3. The Proposed Remaining Useful Life Prediction Method for Lithium-Ion Battery

To address the problems of insufficient mining of multi-scale degradation features and the inability of static fusion strategies to adapt to dynamic degradation processes in existing data-driven methods under complex working conditions, this paper proposes a battery RUL prediction method based on the RDDEMN. On the basis of extracting multi-scale degradation features, this method innovatively introduces the SPA and a reinforcement learning-based adaptive gating mechanism to achieve accurate feature extraction and dynamic fusion prediction.

3.1. The Proposed RDDEMN Algorithm

The architecture of the proposed RDDEMN network is shown in Figure 1, which mainly consists of three core functional modules: the DST-Net temporal encoding module, the SPA temporal weight assignment module, and the reinforcement learning-based adaptive gating fusion module.

First, normalization processing is performed on the capacity data of the battery throughout its life cycle, and the sliding window technique is adopted to slice the data into sequence samples of fixed length for constructing the training set and test set. To strictly prevent data leakage and avoid temporal overlap, the 80/20 sequential division is performed chronologically based on the discharge cycles. Specifically, for each battery, the first 80% of the continuous life-cycle sequences are strictly allocated to the training set, while the remaining 20% of the sequences are used exclusively for testing. The sliding window moves chronologically without crossing the boundary between the training and testing sets, ensuring that the model’s predictive performance is evaluated solely on unseen, future degradation trajectories. Subsequently, the DST-Net is used to conduct joint modeling of multi-scale degradation features for the capacity time series to capture local fluctuations and global trends; then, the SPA mechanism adaptively assigns higher weights to key time steps; finally, a reinforcement learning agent is constructed to dynamically generate gating coefficients according to the current degradation state, adaptively fuse multi-scale features with state features, and output the final RUL prediction value through the fully connected layer.

3.2. Dynamic State Transition Encoder

The DST-Net is designed to collaboratively extract dynamic state evolution features and local temporal features in time series. Let the input window sequence be $X={[x_1,x_2,\dots ,x_L]}^T$, where $x_t$ is the capacity value at the $t$-th time step and $L$ is the window length.

First, linear mapping is performed on the input to obtain the feature vector $u_t$:

$$u_t=W_{in}{x}_t+b_{in}$$

(4)

where $W_{in}$ and $b_{in}$ are the weight matrix and bias of the input projection, respectively.

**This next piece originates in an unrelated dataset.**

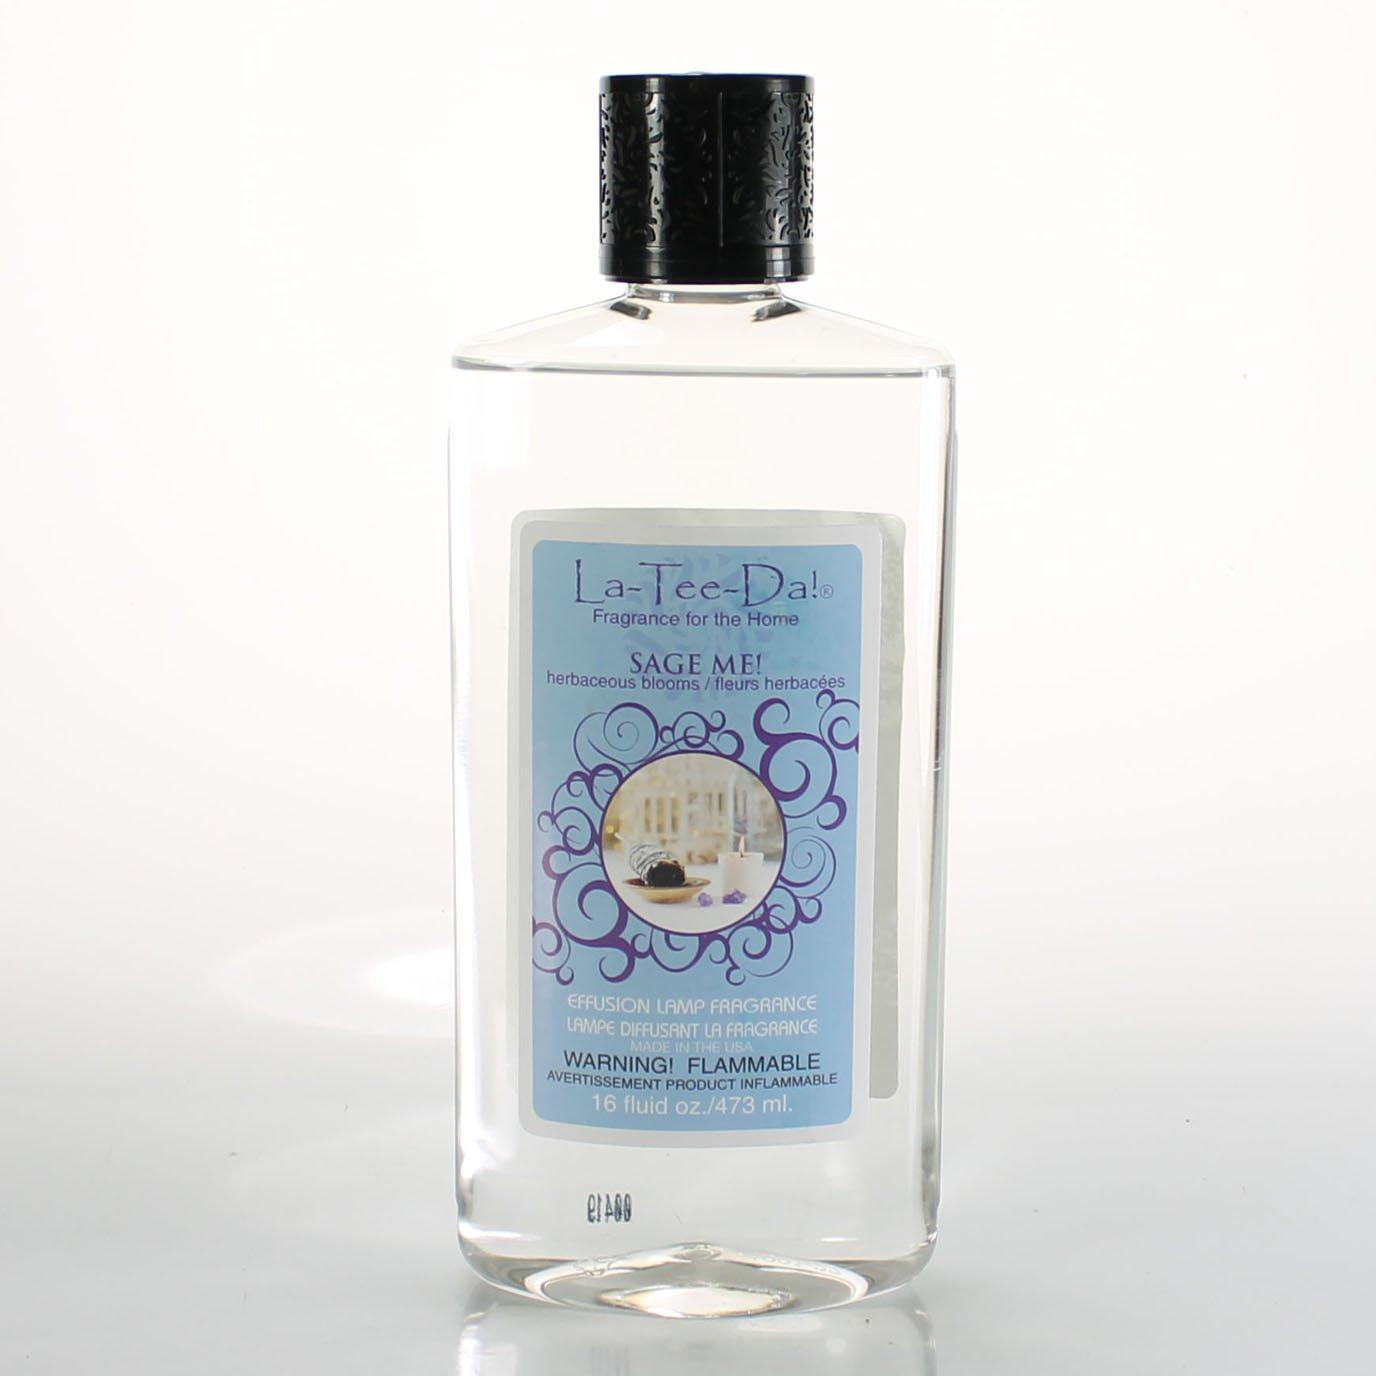 La Tee Da Fuel Fragrance Sage Me! (16 oz.)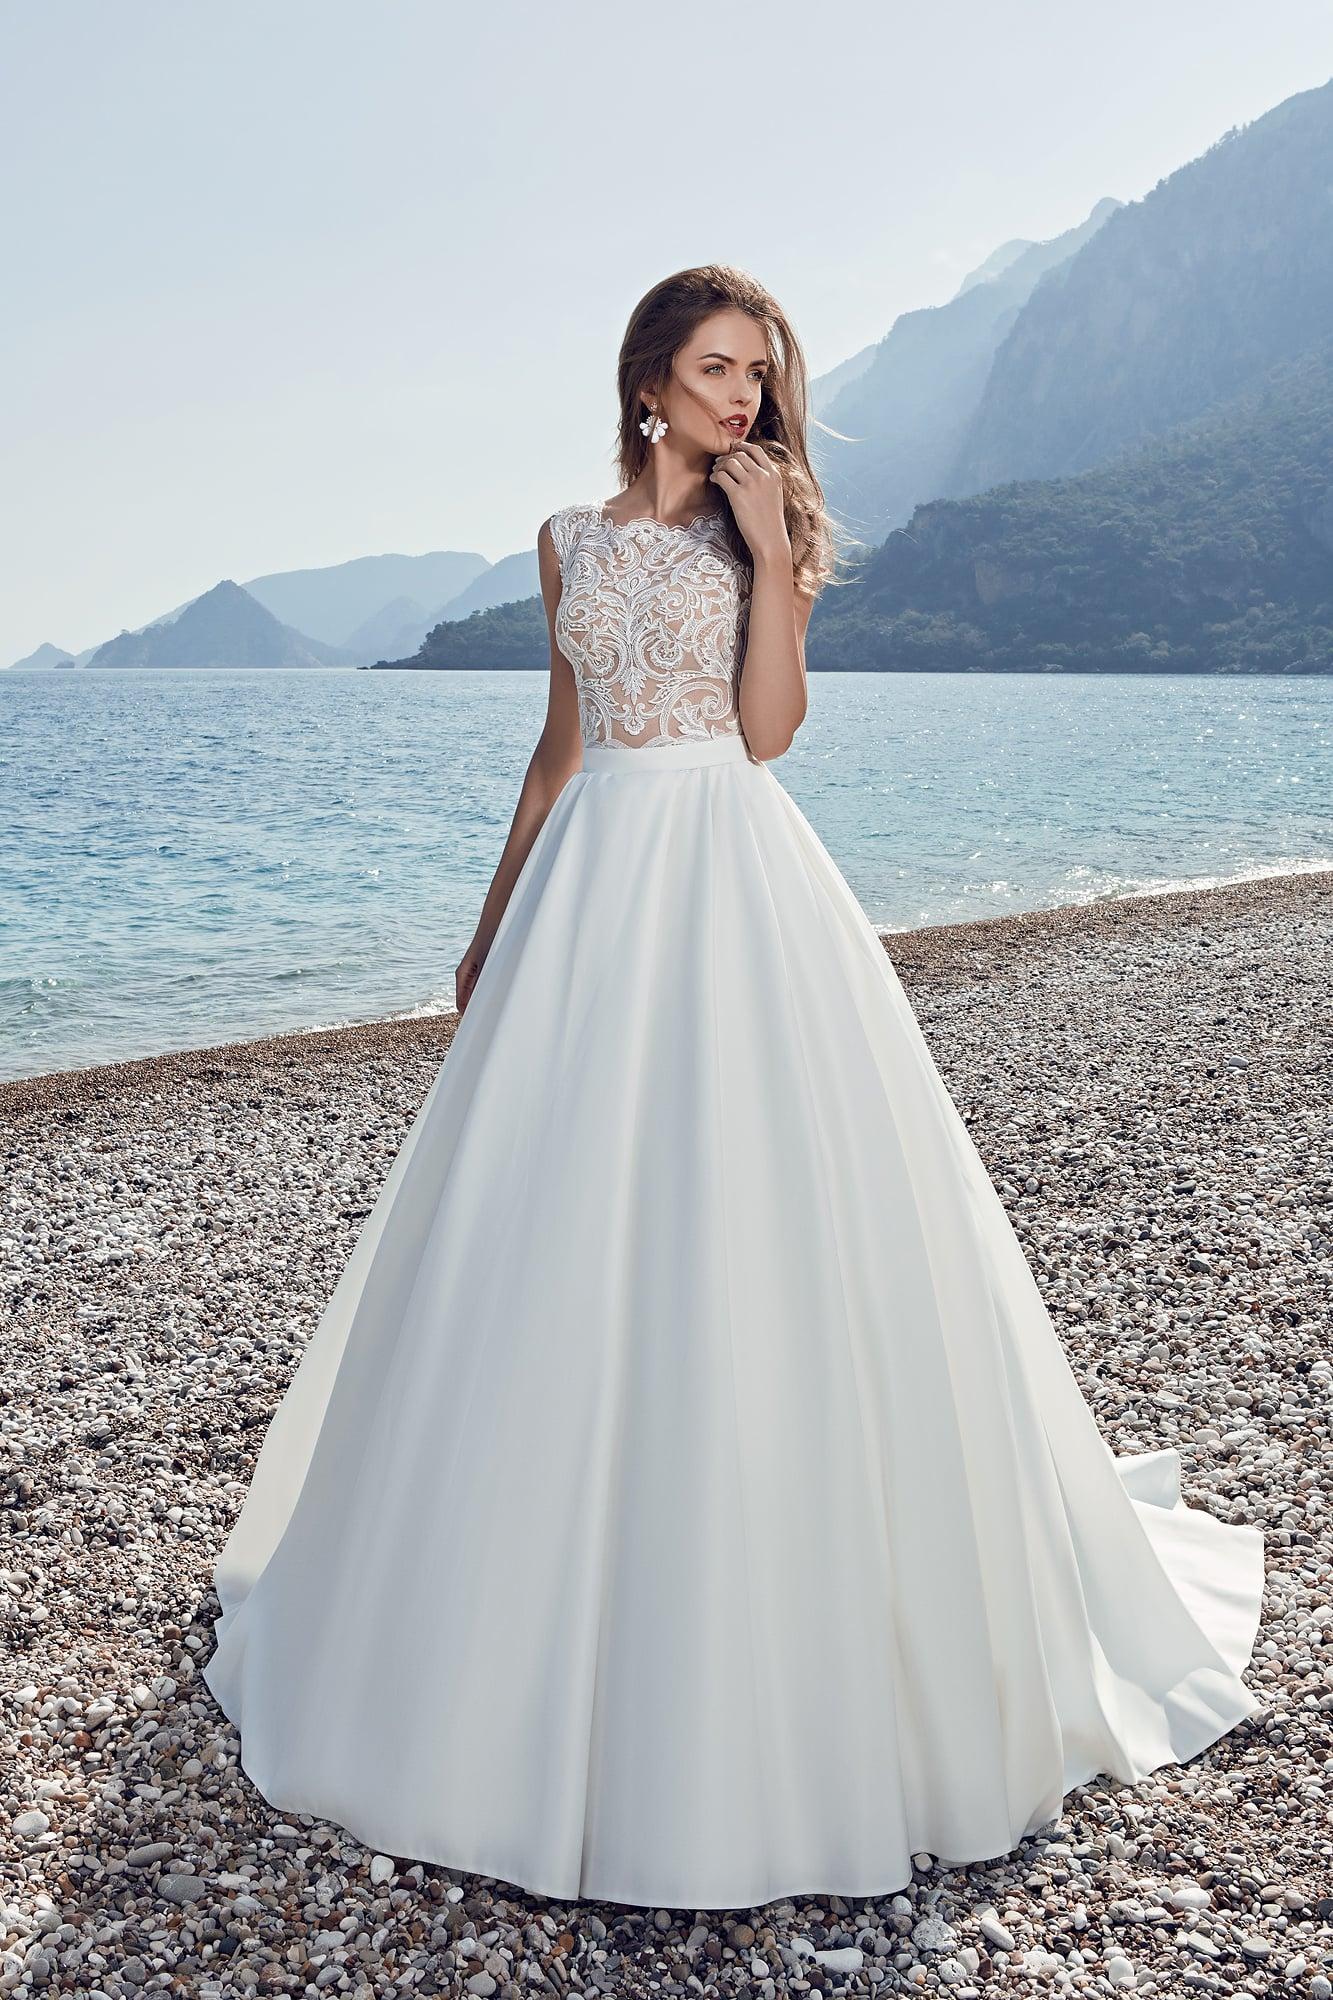 e84be758d64 Атласное свадебное платье «трапеция» с полупрозрачным кружевным лифом с  закрытым декольте.

To simulate the dynamic process of battery degradation, input-conditional state transition parameters are constructed, including the state attenuation coefficient ${\alpha }_t$ and the state injection vector ${\beta }_t$:

$${\alpha }_t=\sigma (W_{\alpha }{u}_t+b_{\alpha })$$

(5)

$${\beta }_t=\tanh (W_{\beta }{u}_t+b_{\beta })$$

(6)

where $\sigma$ is the Sigmoid activation function, tanh is the hyperbolic tangent activation function, $W_{\alpha }$, $W_{\beta }$ are mapping weights, and $b_{\alpha },b_{\beta }$ are biases. Based on the above parameters, a dynamic state recurrence equation is constructed to update the hidden state $h_t$, which is then mapped back to the feature space to obtain $o_t$:

$$h_t={\alpha }_t\odot h_{t-1}+(1-{\alpha }_t)\odot {\beta }_t$$

(7)

$$o_t=W_o{h}_t+b_o$$

(8)

where $h_0$ is the initial state vector, and ⊙ denotes element-wise multiplication. Meanwhile, to capture local temporal dependencies, a depthwise separable 1D convolution is introduced to process the input features to obtain $y_t$, and the state features and convolution features are fused through a gating mechanism:

$$y_t=\mathrm{Conv}1\mathrm{D}(u_t)$$

(9)

$$g_t=\sigma (W_g[o_t,y_t]+b_g)$$

(10)

$$z_t=g_t\odot o_t+(1-g_t)\odot y_t$$

(11)

where $z_t$ is the multi-scale degradation feature output by the DST-Net, and $g_t$ is the feature fusion gating vector. By stacking multiple layers of DST-Net units, a multi-scale feature sequence containing rich historical degradation information $Z=[z_1,z_2,\dots ,z_L]$ can be obtained.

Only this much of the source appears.